Dwa dni temu światem wstrząsnęła wiadomość, będąca spełnieniem wcześniejszej zapowiedzianej obietnicy IBM-a. Z dniem 16 maja Błękitny Gigant rozpoczął proces przekazywania kodu Lotusa Symphony do repozytorium SVN OpenOffice’a, przy okazji nie odpuszczając sobie możliwości chwalenia własnej dobroczynności i snucia wizji „jak pięknie i rozwojowo będzie”, gdy społeczność „przyjmie ich kod„.

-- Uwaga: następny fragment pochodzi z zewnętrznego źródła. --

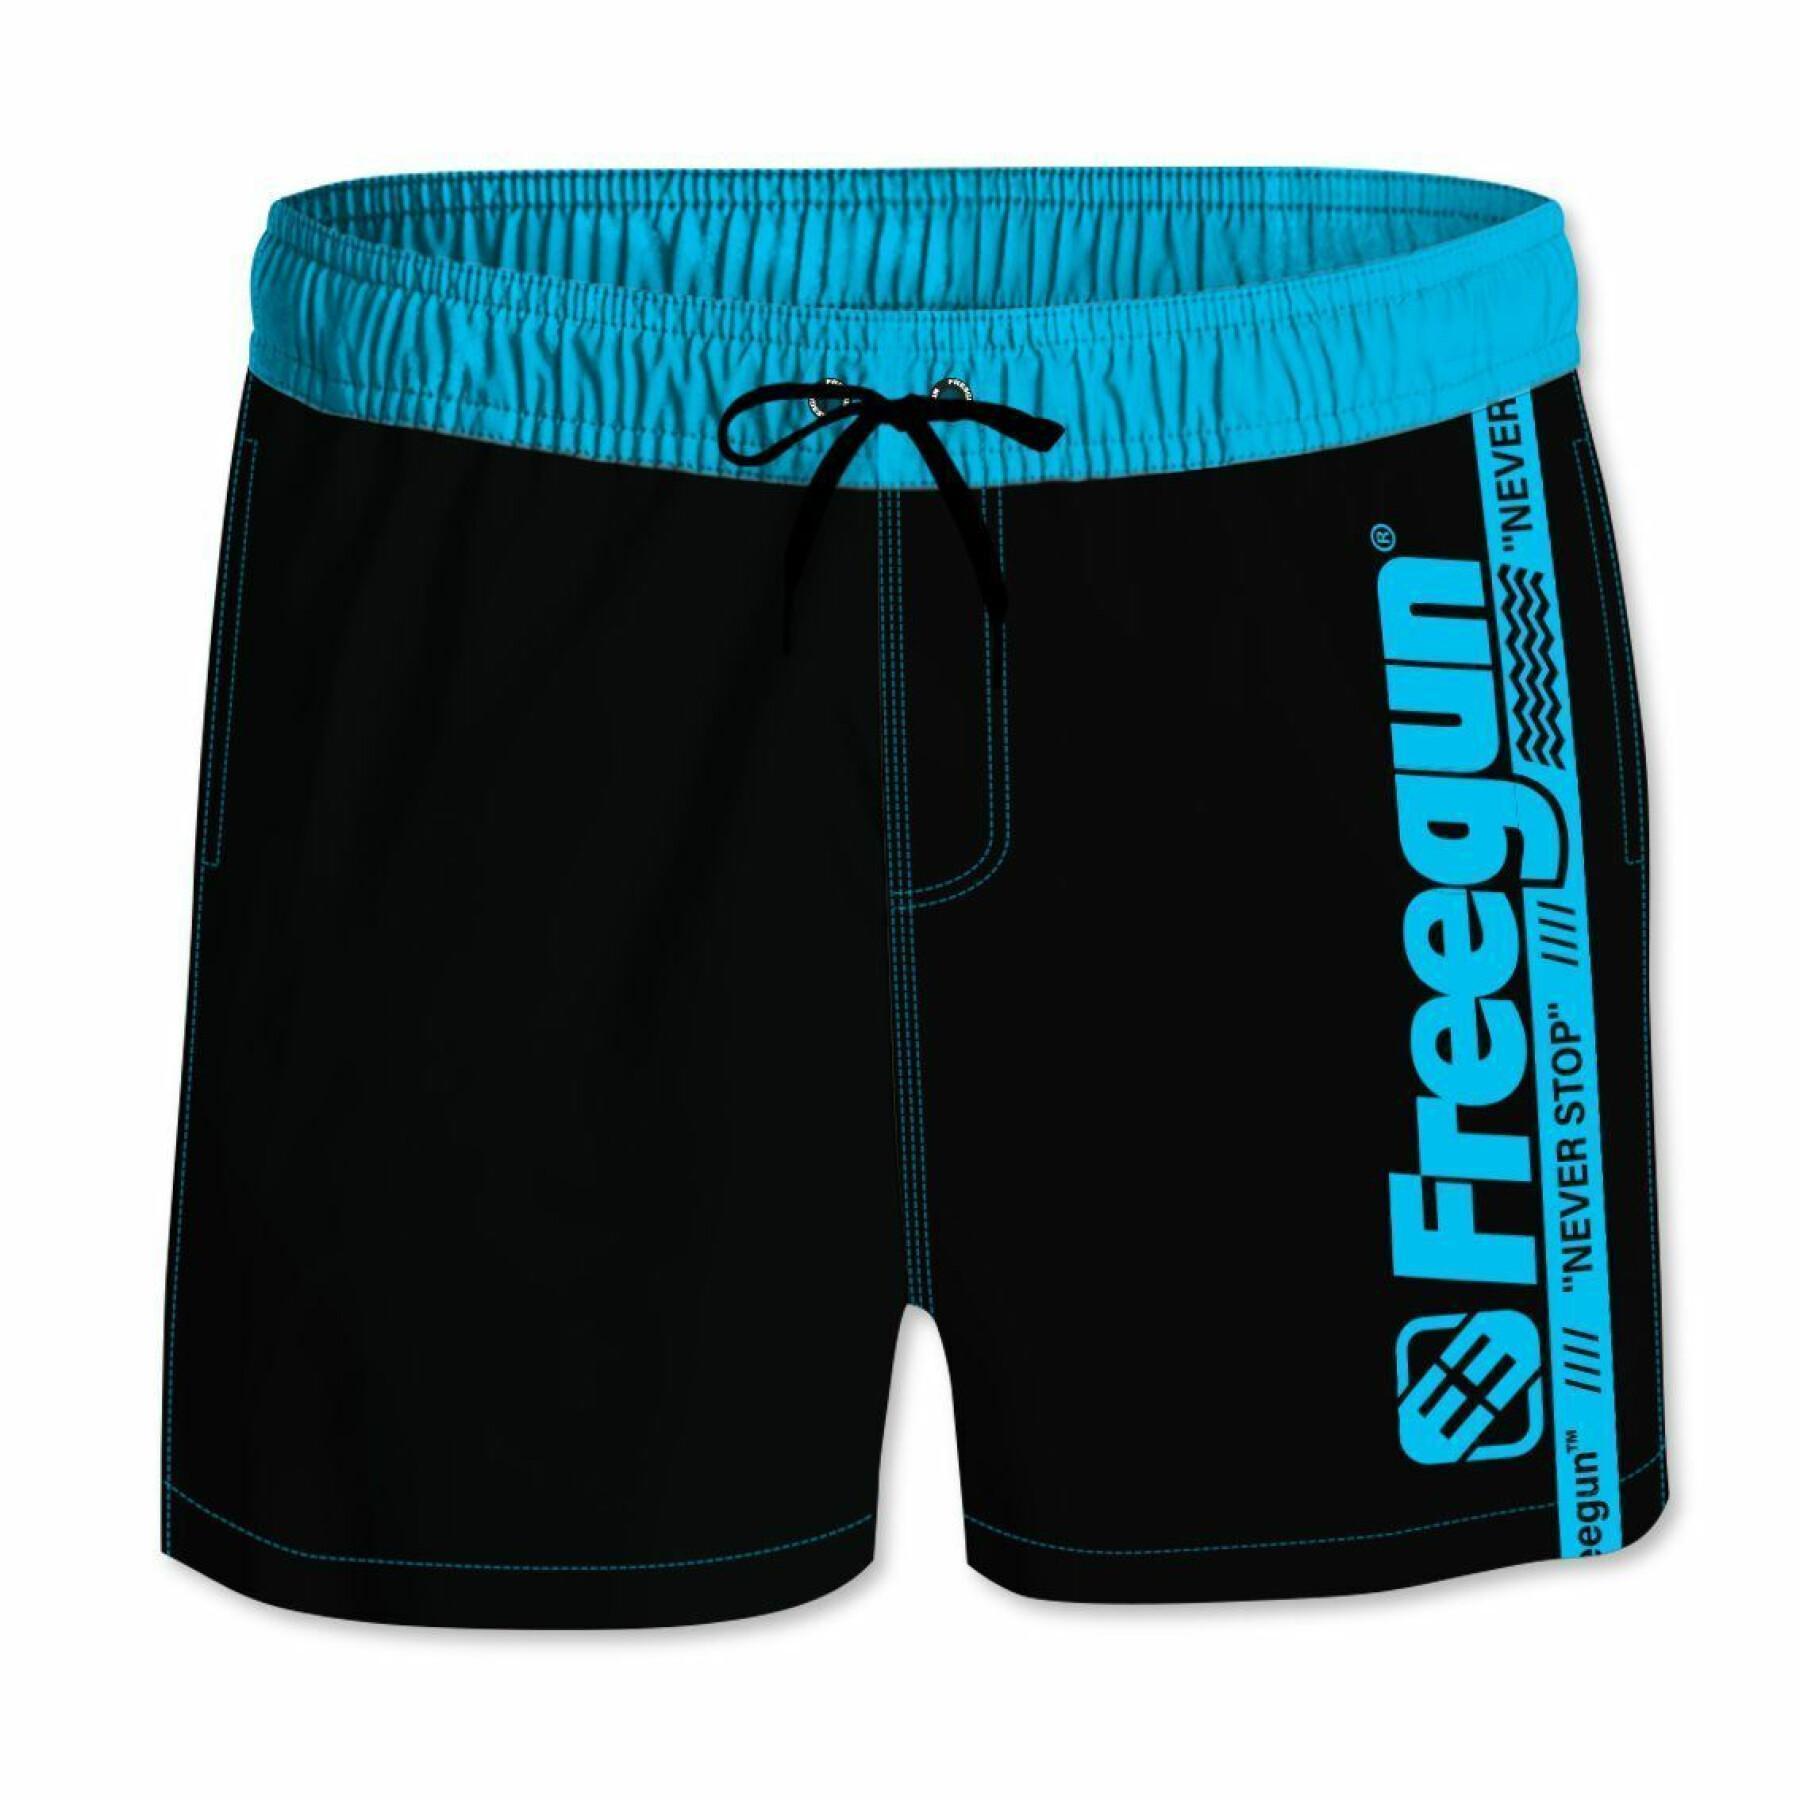 Short swim shorts with all-elastic waistband for children Freegun

Wydarzeniu towarzyszyła podniosła atmosfera, wypełniona szlachetnymi deklaracjami o końcu podziałów, nastającej współpracy i upragnionej (a przecież tak koniecznej) jedności. W tej sytuacji należałoby zapytać, czy emocjonalny ekshibicjonizm IBM-a nie jest bardziej strzałem oddanym z premedytacją w separatystów z LibreOffice, niż autentycznymi emocjami. Mnie osobiście zachowanie korporacyjnych chłopców przypomina zachowanie polskich polityków po śmierci kogoś bardzo popularnego i ważnego dla całego narodu.
Nie wiedzieć czemu, wielu ludzi na wieść o współpracy IBM-a i społeczności OpenOffice’a, odczuwa dziwne uczucie zadowolenia połączone z ulgą. Ja czuję tylko zaniepokojenie.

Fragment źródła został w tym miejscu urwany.